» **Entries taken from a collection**
####
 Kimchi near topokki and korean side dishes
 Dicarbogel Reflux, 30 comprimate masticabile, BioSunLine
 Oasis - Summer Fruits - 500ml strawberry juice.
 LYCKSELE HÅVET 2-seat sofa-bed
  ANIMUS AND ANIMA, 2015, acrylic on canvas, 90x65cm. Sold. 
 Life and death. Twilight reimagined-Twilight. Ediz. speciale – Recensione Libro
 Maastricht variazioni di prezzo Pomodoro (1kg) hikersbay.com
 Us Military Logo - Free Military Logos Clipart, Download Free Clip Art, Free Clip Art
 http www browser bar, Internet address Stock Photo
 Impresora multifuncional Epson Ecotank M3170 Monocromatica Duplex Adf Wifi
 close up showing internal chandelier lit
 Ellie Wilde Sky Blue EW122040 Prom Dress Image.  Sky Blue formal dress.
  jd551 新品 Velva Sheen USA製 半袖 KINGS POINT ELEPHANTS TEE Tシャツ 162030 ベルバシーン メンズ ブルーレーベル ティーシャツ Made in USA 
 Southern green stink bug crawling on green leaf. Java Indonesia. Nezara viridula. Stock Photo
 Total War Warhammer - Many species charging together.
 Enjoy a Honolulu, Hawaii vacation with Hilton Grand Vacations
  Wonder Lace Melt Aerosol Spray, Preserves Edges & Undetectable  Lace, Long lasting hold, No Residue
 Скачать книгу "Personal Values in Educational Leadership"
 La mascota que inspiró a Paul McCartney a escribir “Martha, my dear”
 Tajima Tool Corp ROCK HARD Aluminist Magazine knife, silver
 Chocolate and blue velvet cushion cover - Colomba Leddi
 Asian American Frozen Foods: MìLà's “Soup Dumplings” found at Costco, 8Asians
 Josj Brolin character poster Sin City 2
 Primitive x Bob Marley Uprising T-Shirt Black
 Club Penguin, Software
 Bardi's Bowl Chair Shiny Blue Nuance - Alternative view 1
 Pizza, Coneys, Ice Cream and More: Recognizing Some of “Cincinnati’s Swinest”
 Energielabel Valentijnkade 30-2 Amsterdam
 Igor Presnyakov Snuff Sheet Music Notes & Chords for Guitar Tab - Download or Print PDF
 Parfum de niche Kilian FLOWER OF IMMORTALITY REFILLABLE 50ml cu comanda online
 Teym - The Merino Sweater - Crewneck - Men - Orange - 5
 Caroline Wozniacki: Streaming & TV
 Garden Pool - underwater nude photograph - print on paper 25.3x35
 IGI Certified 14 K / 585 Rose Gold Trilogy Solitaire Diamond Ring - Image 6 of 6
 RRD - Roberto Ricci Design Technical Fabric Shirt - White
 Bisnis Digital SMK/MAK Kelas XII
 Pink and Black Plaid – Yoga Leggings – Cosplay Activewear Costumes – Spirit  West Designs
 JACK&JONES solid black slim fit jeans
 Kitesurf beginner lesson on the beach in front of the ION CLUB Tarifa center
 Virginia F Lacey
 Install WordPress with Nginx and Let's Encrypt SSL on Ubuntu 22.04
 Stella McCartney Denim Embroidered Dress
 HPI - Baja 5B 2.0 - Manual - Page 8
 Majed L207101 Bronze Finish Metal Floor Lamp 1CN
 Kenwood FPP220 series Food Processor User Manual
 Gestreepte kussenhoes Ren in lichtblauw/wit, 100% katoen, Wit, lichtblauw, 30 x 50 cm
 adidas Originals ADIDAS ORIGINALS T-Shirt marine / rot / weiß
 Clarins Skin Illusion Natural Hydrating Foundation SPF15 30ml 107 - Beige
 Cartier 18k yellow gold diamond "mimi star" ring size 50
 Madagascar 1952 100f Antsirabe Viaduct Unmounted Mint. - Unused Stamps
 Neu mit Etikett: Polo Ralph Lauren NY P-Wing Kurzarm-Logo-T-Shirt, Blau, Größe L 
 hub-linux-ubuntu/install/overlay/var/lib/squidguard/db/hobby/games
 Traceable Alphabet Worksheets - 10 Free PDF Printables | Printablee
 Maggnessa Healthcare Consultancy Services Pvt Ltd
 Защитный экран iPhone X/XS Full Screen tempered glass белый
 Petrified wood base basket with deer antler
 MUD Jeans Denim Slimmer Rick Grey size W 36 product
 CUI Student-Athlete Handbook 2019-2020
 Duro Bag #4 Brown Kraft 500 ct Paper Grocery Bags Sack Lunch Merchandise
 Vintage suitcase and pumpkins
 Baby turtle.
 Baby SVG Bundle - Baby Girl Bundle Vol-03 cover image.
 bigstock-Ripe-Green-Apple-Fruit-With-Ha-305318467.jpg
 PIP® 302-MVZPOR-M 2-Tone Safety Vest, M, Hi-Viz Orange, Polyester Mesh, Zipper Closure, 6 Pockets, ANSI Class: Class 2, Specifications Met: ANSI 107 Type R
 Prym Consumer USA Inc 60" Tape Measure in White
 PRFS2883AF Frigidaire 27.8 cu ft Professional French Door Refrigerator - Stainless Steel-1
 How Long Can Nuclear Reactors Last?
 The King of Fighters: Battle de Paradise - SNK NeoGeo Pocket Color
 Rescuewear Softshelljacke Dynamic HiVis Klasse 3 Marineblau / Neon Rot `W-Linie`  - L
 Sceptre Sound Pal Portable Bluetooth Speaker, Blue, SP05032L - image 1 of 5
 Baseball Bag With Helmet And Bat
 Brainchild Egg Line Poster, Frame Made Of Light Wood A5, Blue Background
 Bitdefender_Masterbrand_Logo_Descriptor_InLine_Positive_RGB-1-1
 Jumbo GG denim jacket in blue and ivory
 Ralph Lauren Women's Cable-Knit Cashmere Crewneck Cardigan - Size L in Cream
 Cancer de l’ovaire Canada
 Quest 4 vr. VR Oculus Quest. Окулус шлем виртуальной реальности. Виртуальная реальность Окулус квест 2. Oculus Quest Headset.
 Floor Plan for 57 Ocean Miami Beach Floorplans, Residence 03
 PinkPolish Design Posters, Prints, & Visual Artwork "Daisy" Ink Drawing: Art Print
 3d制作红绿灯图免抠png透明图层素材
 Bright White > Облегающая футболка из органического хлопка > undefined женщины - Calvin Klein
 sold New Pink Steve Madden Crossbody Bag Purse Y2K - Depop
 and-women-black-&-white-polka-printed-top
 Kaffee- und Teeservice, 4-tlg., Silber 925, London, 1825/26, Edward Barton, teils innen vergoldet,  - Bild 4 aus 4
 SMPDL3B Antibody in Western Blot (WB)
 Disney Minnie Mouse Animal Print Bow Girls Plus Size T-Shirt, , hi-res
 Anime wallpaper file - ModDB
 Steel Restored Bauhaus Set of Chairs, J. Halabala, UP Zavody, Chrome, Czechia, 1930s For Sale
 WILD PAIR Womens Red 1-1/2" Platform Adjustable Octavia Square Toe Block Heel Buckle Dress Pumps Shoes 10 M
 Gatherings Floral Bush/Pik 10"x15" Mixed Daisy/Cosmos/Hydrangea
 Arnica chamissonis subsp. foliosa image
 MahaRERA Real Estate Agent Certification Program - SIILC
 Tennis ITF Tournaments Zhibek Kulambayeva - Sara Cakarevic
####
Collect each line above holding the string "Made".

  jd551 新品 Velva Sheen USA製 半袖 KINGS POINT ELEPHANTS TEE Tシャツ 162030 ベルバシーン メンズ ブルーレーベル ティーシャツ Made in USA 
 Brainchild Egg Line Poster, Frame Made Of Light Wood A5, Blue Background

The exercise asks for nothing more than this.